Financial controller admits stealing $1.6m over more than a decade from business

The former financial controller of an electronics business in Sydney's north has admitted to stealing more than $1.6 million over an 11-year period, using an elaborate scheme which involved manipulating its payroll system to give himself extra money.

Anoush Bornoush, 52, from Gordon, worked for Powerbox Australia - a family-owned business which designs and manufactures power supplies and batteries - from 2001 to 2019, starting as a finance manager before being promoted to financial controller in 2012.

A former financial controller of an electronic business in Sydney has admitted to stealing more than $1.6 million from the organisation.

In 2019, after an electrical storm caused flooding to the business, Bornoush organised an insurance claim. As part of this, he presented several invoices to one of the business owners, Helen Rutty, late that year and said he needed her signature urgently.

A few days later, an accountant who worked with Bornoush noticed two of the invoices, totalling $10,250, were paid to a business that had not provided any services to Powerbox for seven years. Bornoush's bank account was listed on the invoice.

The business owners organised a meeting with Bornoush, where he was handed a letter setting out the findings in relation to the invoices. He responded: "Oh, that I have earnt for all the work that I do" and "I will pay you back".

He was suspended without pay, then quit via email the day before he was due to give a formal response to the letter.
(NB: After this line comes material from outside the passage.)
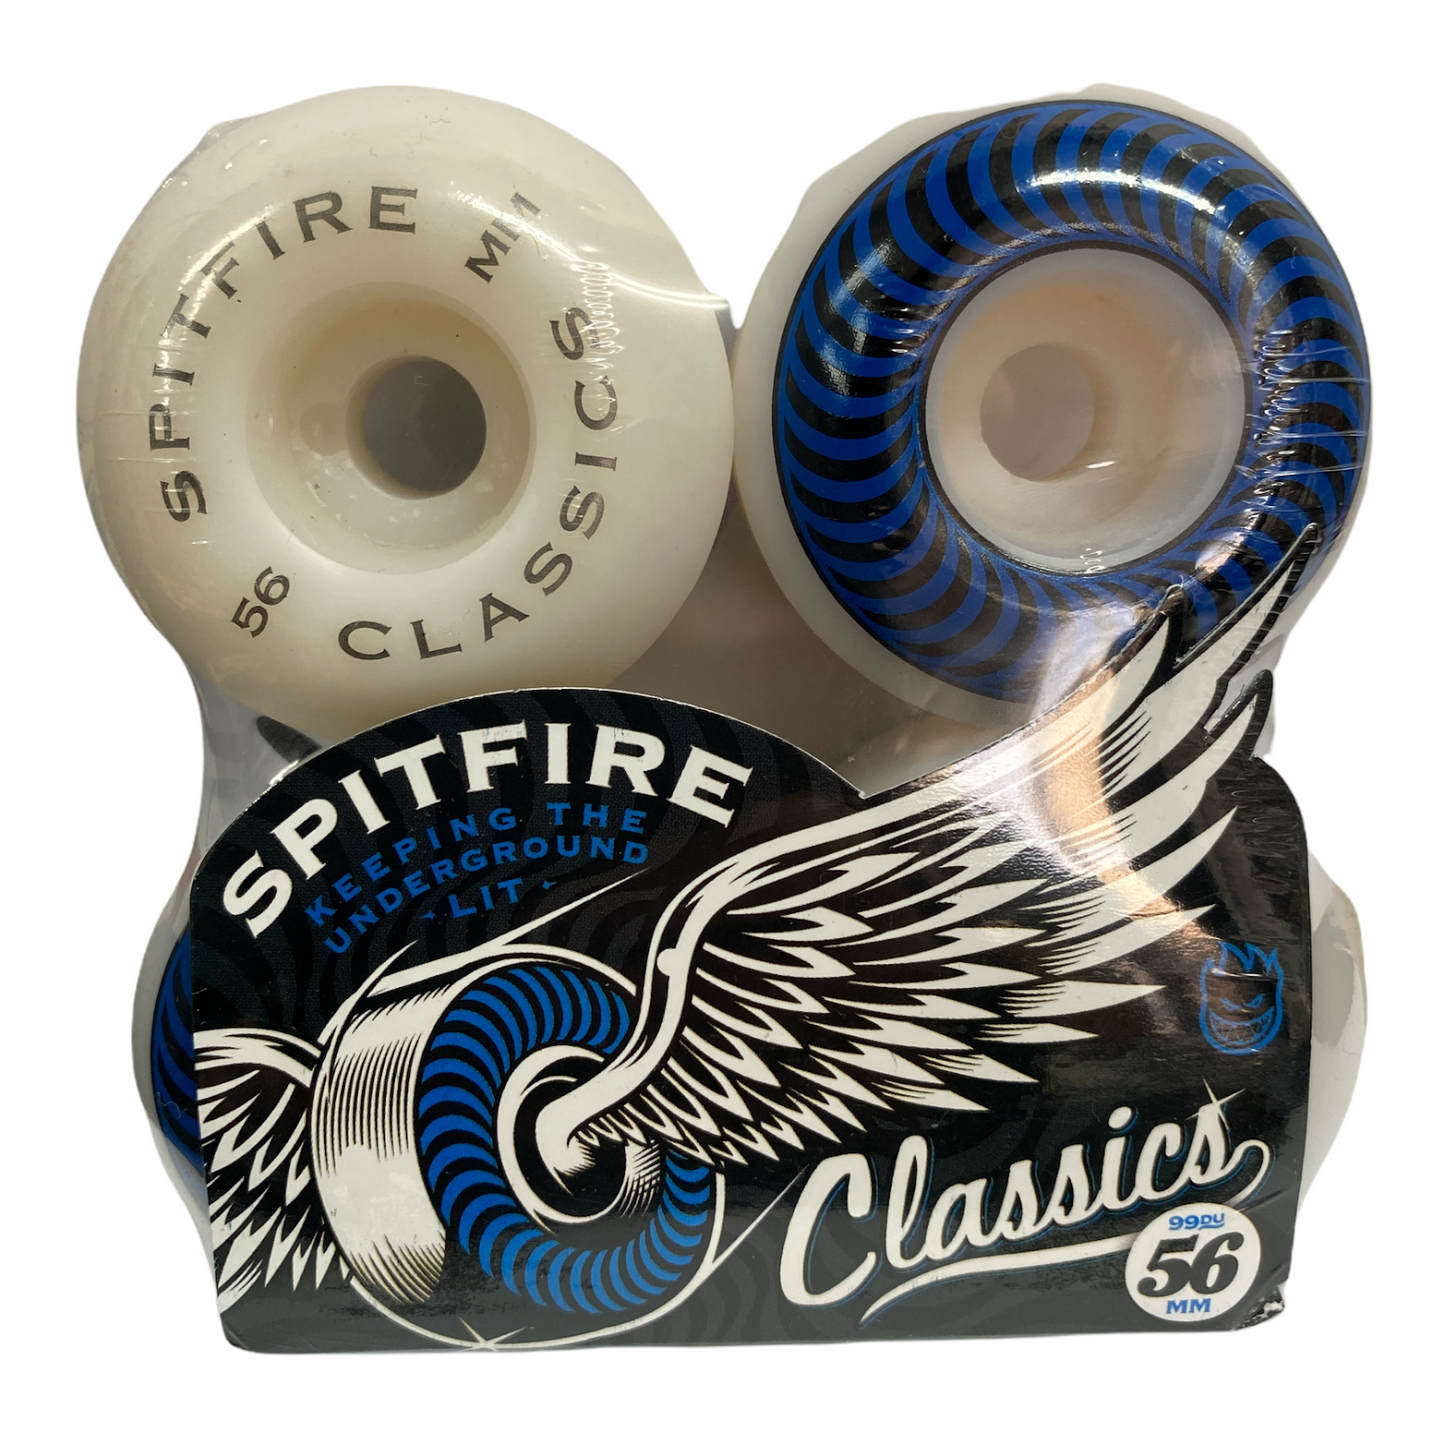 Spitfire Classic- 56mm
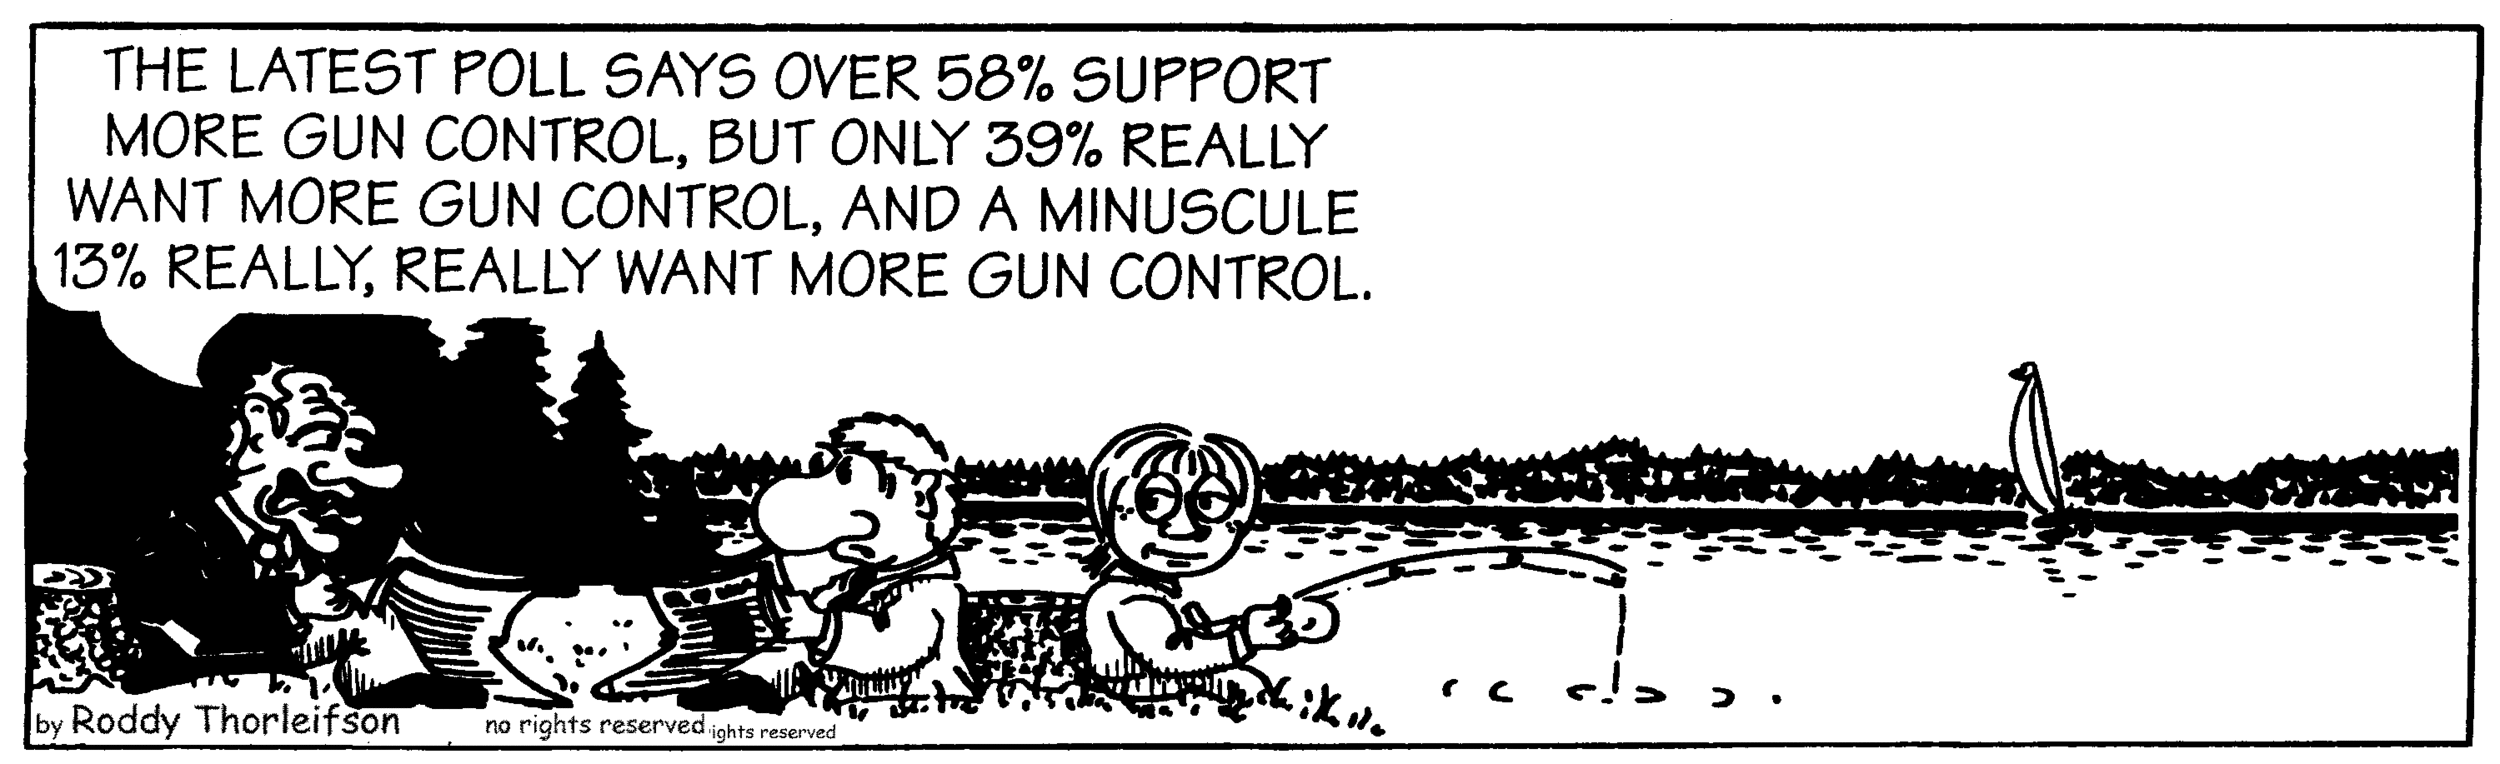 cartoon about polls and gun control

Several months later, when an accountant was attempting to print a payslip but could not find it in the system, she contacted the software company and was told all data prior to July 2018 had been deleted by Bornoush in December 2019.

The data was restored from backups, and a forensic examination of all financial records between 2008 and 2019 showed Bornoush made numerous unauthorised payments to himself totalling $1,610,430.09 between February 2008 and December 2019.

He went to elaborate lengths to disguise the payments as being legitimate, including using fake employee codes that corresponded to real people, and producing an accurate payroll document each fortnight which he slightly altered to make the payments to himself.

In June 2020, Bornoush was charged with dishonestly obtaining financial advantage by deception and obtaining money by deception. Last week, he pleaded guilty to both charges and signed an agreed facts document detailing how he carried out the fraud.

He will face the NSW District Court on April 9 to organise a sentence date.

Bornoush is also being pursued in civil proceedings in the NSW Supreme Court, where Powerbox is seeking $1,610,430.09 in damages.

In the civil case, it is detailed that as part of his deception, Bornoush constructed fake invoices and "bogus" audit documents which concealed his actions from an external auditor, before removing the money from his account in a series of cash withdrawals.

Lawyers for Powerbox are also pursuing Bornoush's wife and daughter in the civil proceedings, alleging Bornoush transferred his wife $295,000, shares, and an East Killara home with the intent of keeping the assets out of reach of creditors. He allegedly transferred $120,000 to his daughter with the same intent.

Powerbox is seeking to have the transfers declared void, with the money paid to Powerbox within 14 days.

The Herald is not suggesting the women had any involvement in the offences.

In court documents, Bornoush's wife said the home was transferred to her as part of a separation settlement, and she is the one who made the money transfers from a loan account "without involvement, request, approval or acquiescence" of her husband.

Both women denied that the transactions were for the purpose of defrauding a creditor.

The civil case will return to court later this month.